Book Review: The Red Tent

The Red TentThe Red Tent by Anita Diamant

My rating: 5 of 5 stars

Growing up Catholic and attending Catholic school for 13 years, I know more than my fair share about the Bible. However (at the rick of being offensive), I am no longer a practicing Catholic nor am I really much of a believer in the Bible. That being said, I really enjoyed Diamant’s perspective of the much untold story of Dinah in the book of Genesis.

To begin with, Diamant’s vivid story-telling made the characters, locations, and time period come to life. I felt almost as if I had once lived in the homes of Dinah and her mothers, as if I knew them personally. Throughout the whole novel each person, place, and event is described so fully that it is impossible not to feel the pain or joy experienced by the characters with the passage of time.

The women of the novel, Dinah and her mothers, are the main focus of the first third of the book. Diamant describes these women in amazing detail, so much so that they begin to feel like old friends. Much of this first part of the book focuses on the near exploitation of women at the time. However, Diamant writes about this in a way that makes it seem okay as it was just the way of life at the time. She also writes in depth about how these women embrace their womanhood and the rituals that play into their lives as celebration.

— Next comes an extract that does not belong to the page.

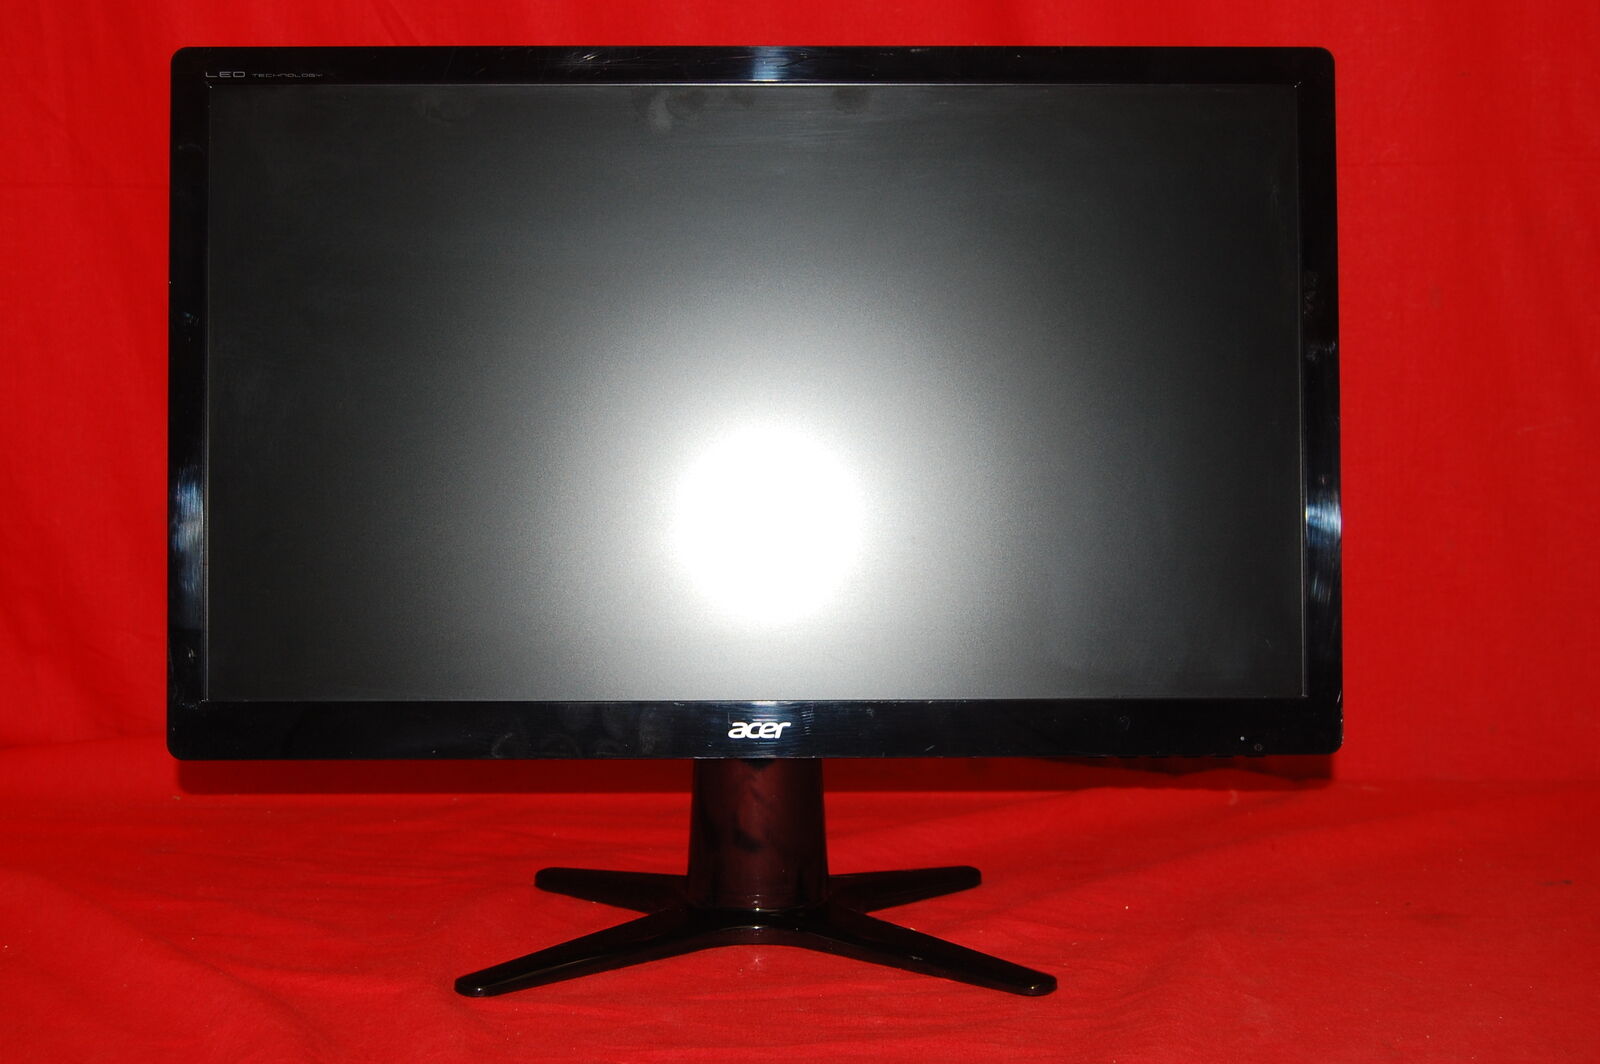 Acer G226HQL 21.5 Inch Screen LED Monitor DVI-D VGA Inputs Black Very Good 0688

Later in the novel, these wonderful women disappear completely from the book. It left a gaping hole for me but this fits in with Dinah’s story since she must leave her mothers behind as well. While it may seem out-of-place to the reader, I thought it was a good call by Diamant as I felt more connected to Dinah and her feelings of loss.

Dinah’s story is one of love, loss, pain, and suffering. She takes every event in her life in stride, good and bad. She goes on an amazing journey though her life and Dinah’s voice tells it in an amazingly, beautiful fashion. The ending, though bittersweet, wraps the novel up nicely. We find out the fates of Dinah’s mothers, father, and brothers. We discover Dinah’s true feelings toward her amazing, untold life story. I was left satisfied that Dinah’s story was finally told and reflective on my own life and where it is going.

While some readers may be disappointed or offended the liberties Diamant takes with the Bible, I found it to be a necessary step in telling Dinah’s story. Overall, I could not put this book down. It was an amazing read. Regardless of one’s religious beliefs, this is a book I feel anyone can relate to or at least find something to take from the story.